現在、世界中でACTに関する約60冊の書籍が出版されている。関連する実証的研究の刊行ペースは急上昇している。この研究・実践開発プログラムはさまざまなレビュー論文で詳しく検討されており(例:Hayes, Bissett, et al., 2004; Hayes, Luoma, Bond, Masuda, & Lillis, 2006; Öst, 2008)、懐疑的な観察者でさえ私たちが進歩を遂げていることには同意している(例:Powers, Vörding, & Emmelkamp, 2009)。こうした実質的な進歩のおかげで、本書のほとんどのセクションにおける学術的引用の頻度を減らすことができた。

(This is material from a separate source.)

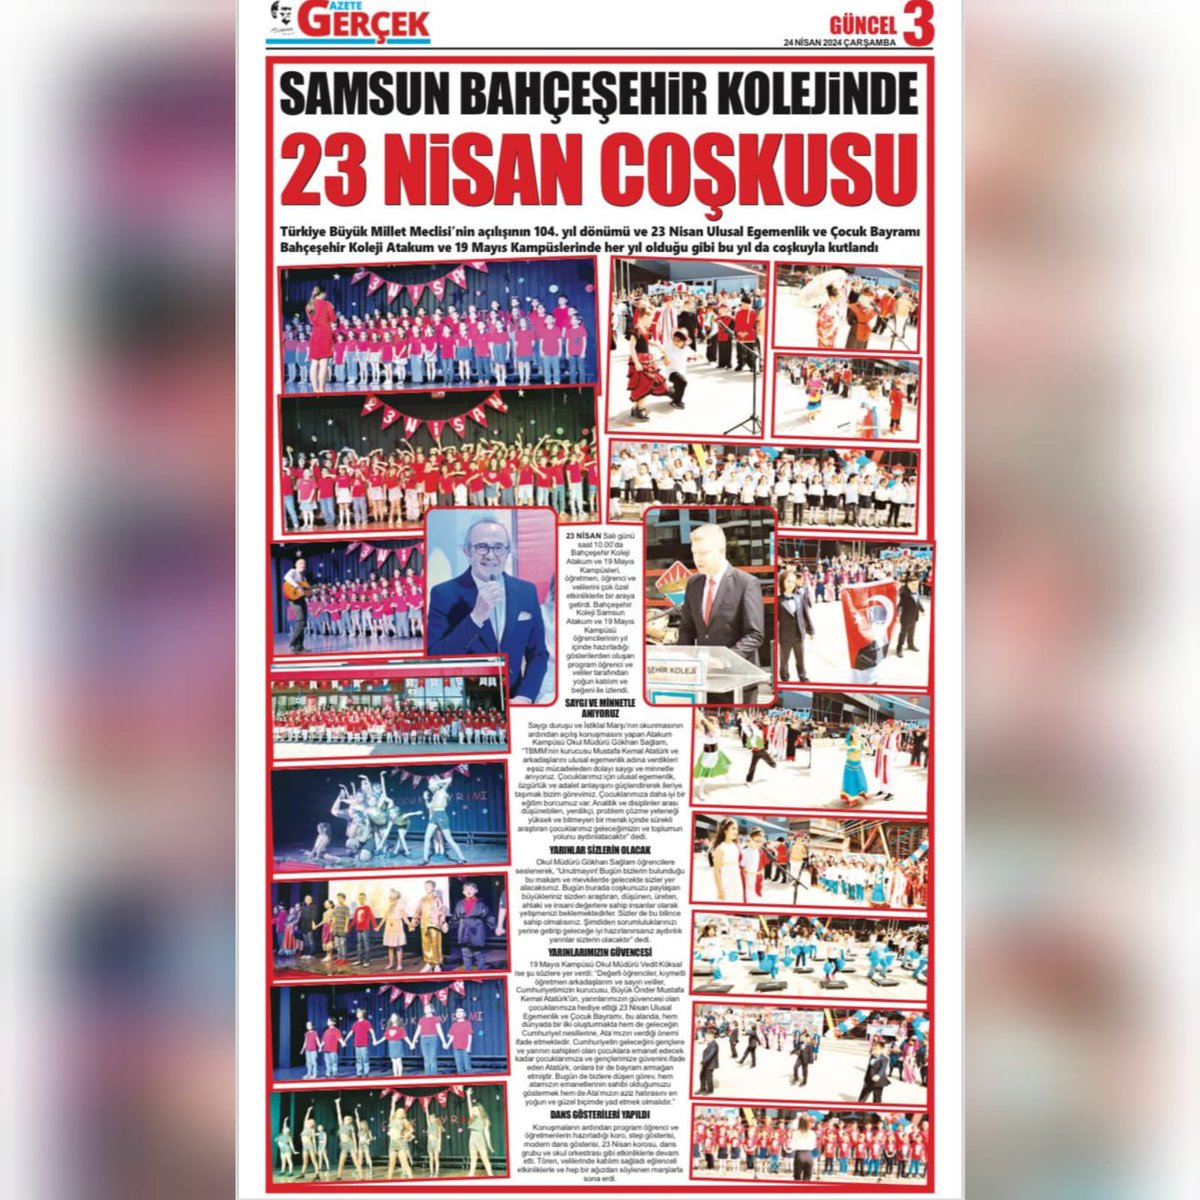 Bahçeşehir Kolejindeki “23 Nisan Coşkusu” Samsun basınında geniş yer buldu. (Samsun Gazetesi-Gazete Gerçek-Halk Gazetesi 24.04.2024)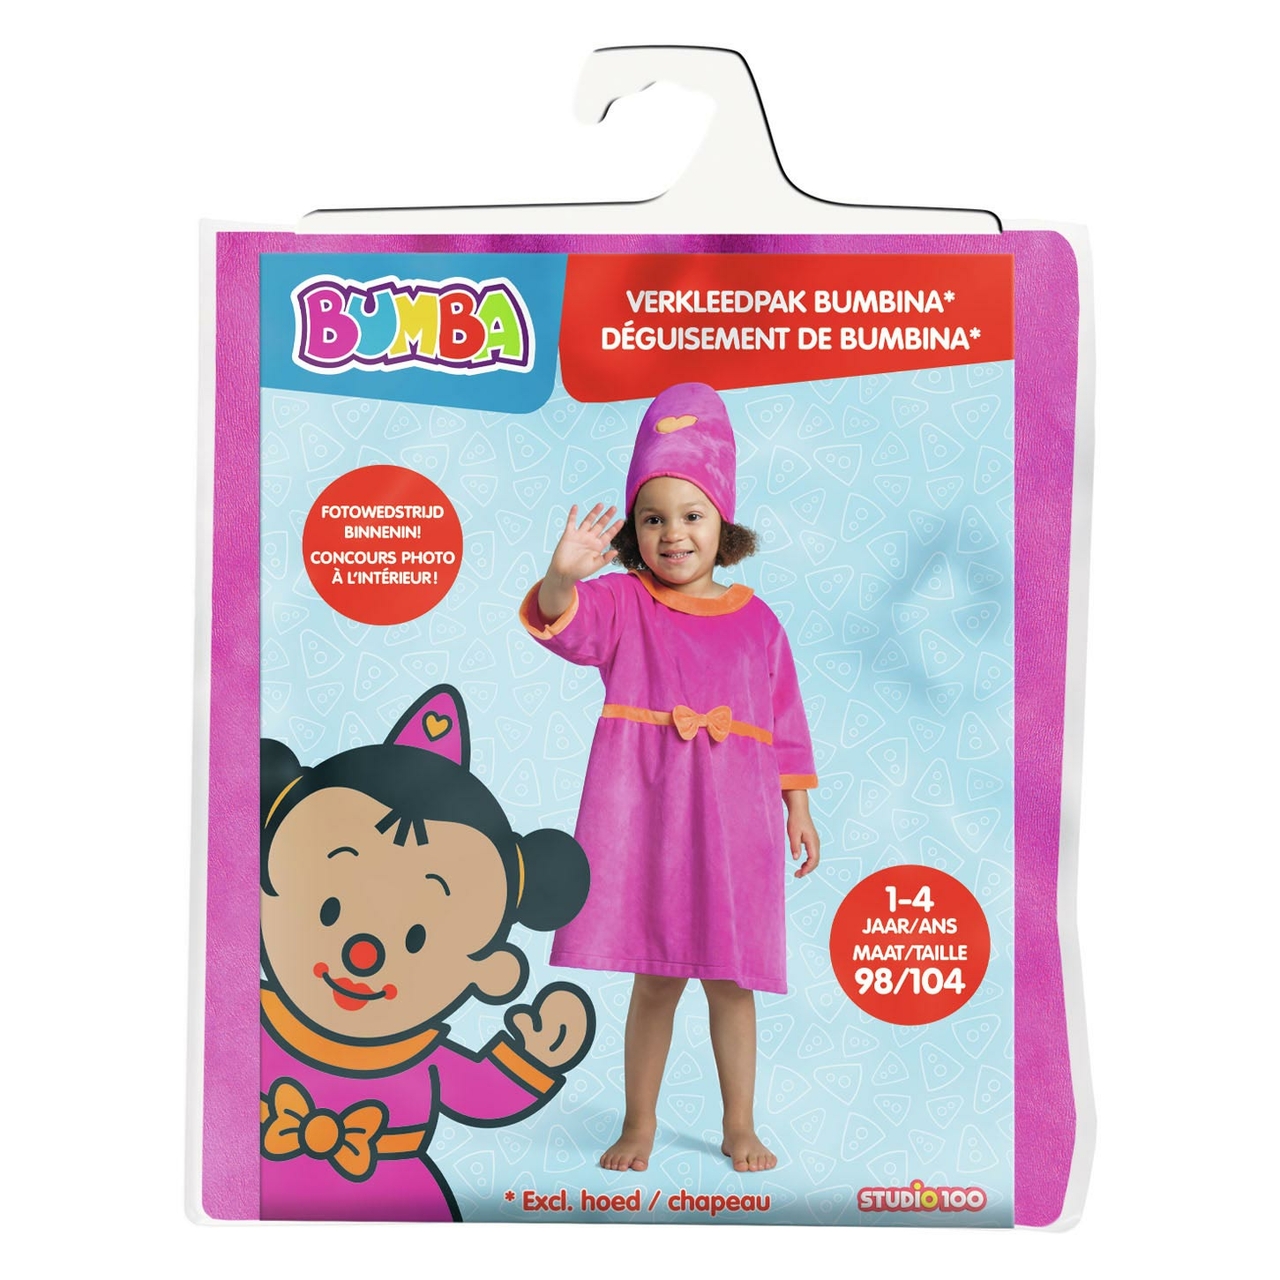 Meerdere krans Overredend Bumba : Bumbina Verkleedpakje, 1-4 jaar - Het Speelgoedpaleis

初版には非常に密度の高い実証的・概念的記述が含まれていた——主として私たちのモデルに真剣な学術的注目が向けられることを正当化するためだったが——そのテキストの密度が読者にとっての理解や読みやすさを妨げていた。これ以上の探求に積極的な読者ならばこの一冊を超えて読み進めることをいとわないと仮定すれば、逐一の実証的正当化はもはや私たちの現在の目的にとって必須ではないように思われる。私たちは読者がデータを概念的にどのように捉えているかを大まかに理解できる十分な骨格と、最小限の追加的努力で学術的基盤を見つけられる十分なリンクを含めている。

ACTの根底にある考え方のいくつかは、急速に主流の概念となりつつある。批評家たちは、これは自分たちが以前から意味していたことだと今では頻繁に述べる。そのような修正主義的な解釈は、長い記憶を持つACTの著者たちには苛立ちを覚えさせるかもしれないが、それが進歩の作られ方であるので、新しい読者を遠ざける必要はない。一方で、「アクセプタンス」を少々つまみ食いし、「脱フュージョン」を少々加えるだけでは、ACTモデルの正当な評価にも、その十全な恩恵を受けることにもならない。私たちは、モデル全体とその知識発展の戦略が完全に理解されることを望んでいる。なぜなら、そのレベルの習熟こそが、今流行りの技法や概念をつまみ食いするだけ——まるでより良い治療がファッションの問題であるかのように——よりも、長期的には大きな進歩をもたらすと思われるからである。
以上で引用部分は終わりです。